Instrução Normativa nº 25/2000

Estabelece, por força de decisão judicial, procedimentos a serem adotados para a concessão de benefícios previdenciários ao companheiro ou companheira homossexual.

Fundamentação Legal:

Ação Civil Pública nº 2000.71.00.009347-0

A Diretoria Colegiada do Instituto Nacional do Seguro Social - INSS, em reunião extraordinária realizada no dia 07.06.2000, no uso da competência que lhe foi conferida pelo inciso III, do artigo 7º, do Regimento Interno do INSS, aprovado pela Portaria nº 6.247, de 28.12.1999, e

Considerando a determinação judicial proferida em Ação Civil Pública nº 2000.71.00.009347-0;

Considerando a necessidade de estabelecer rotinas para uniformizar procedimentos a serem adotados pela linha de benefícios,

Resolve:

Artigo 1º - Disciplinar procedimentos a serem adotados para a concessão de pensão por morte e auxílio-reclusão a serem pagos ao companheiro ou companheira homossexual.

Artigo 2º - A pensão por morte e o auxílio-reclusão requeridos por companheiro ou companheira homossexual reger-se-ão pelas rotinas disciplinadas no Capítulo XII da IN INSS/DC nº 20, de 18.05.2000.

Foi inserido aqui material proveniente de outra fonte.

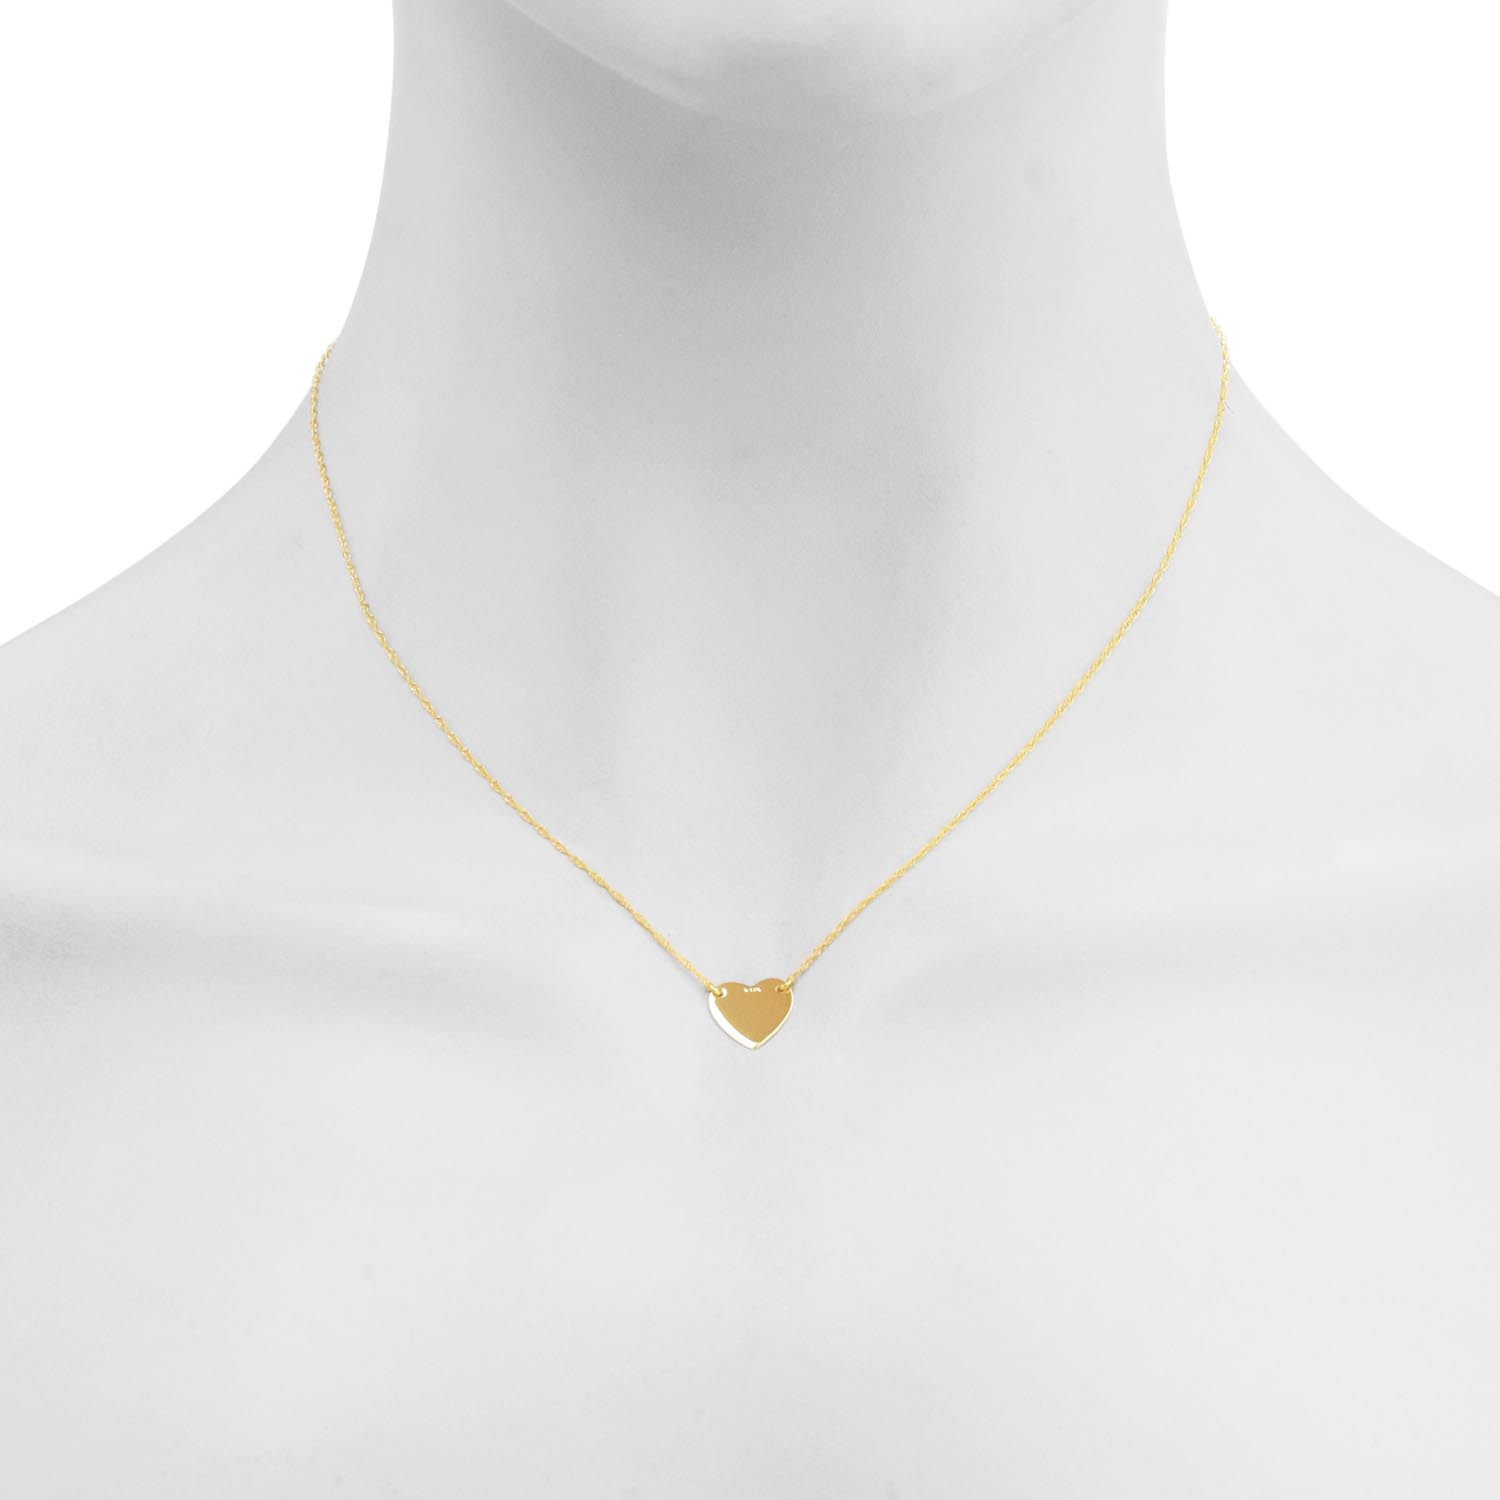 Engravable Heart Necklace in 14kt Yellow Gold

Artigo 3º - A comprovação da união estável e dependência econômica far-se-á através dos seguintes documentos:

I - declaração de Imposto de Renda do segurado, em que conste o interessado como seu dependente;

II - disposições testamentárias;

III - declaração especial feita perante tabelião (escritura pública declaratória de dependência econômica);

IV - prova de mesmo domicílio;

V - prova de encargos domésticos evidentes e existência de sociedade ou comunhão nos atos da vida civil;

VI - procuração ou fiança reciprocamente outorgada;

VII - conta bancária conjunta;

VIII - registro em associação de classe, onde conste o interessado como dependente do segurado;

IX - anotação constante de ficha ou livro de registro de empregados;

X - apólice de seguro da qual conste o segurado como instituidor do seguro e a pessoa interessada como sua beneficiária;

XI - ficha de tratamento em instituição de assistência médica da qual conste o segurado como responsável;

XII - escritura de compra e venda de imóvel pelo segurado em nome do dependente;

XIII - quaisquer outros documentos que possam levar à convicção do fato a comprovar.

Artigo 4º - Para a referida comprovação, os documentos enumerados nos incisos I, II, III e IX do artigo anterior constituem, por si só, prova bastante e suficiente, devendo os demais serem considerados em conjunto de no mínimo três, corroborados, quando necessário, mediante Justificação Administrativa - JA.

Artigo 5º - A Diretoria de Benefícios e a DATAPREV estabelecerão mecanismos de controle para os procedimentos ora estabelecidos nesta Instrução Normativa.

Artigo 6º - Esta Instrução Normativa entra em vigor na data de sua publicação.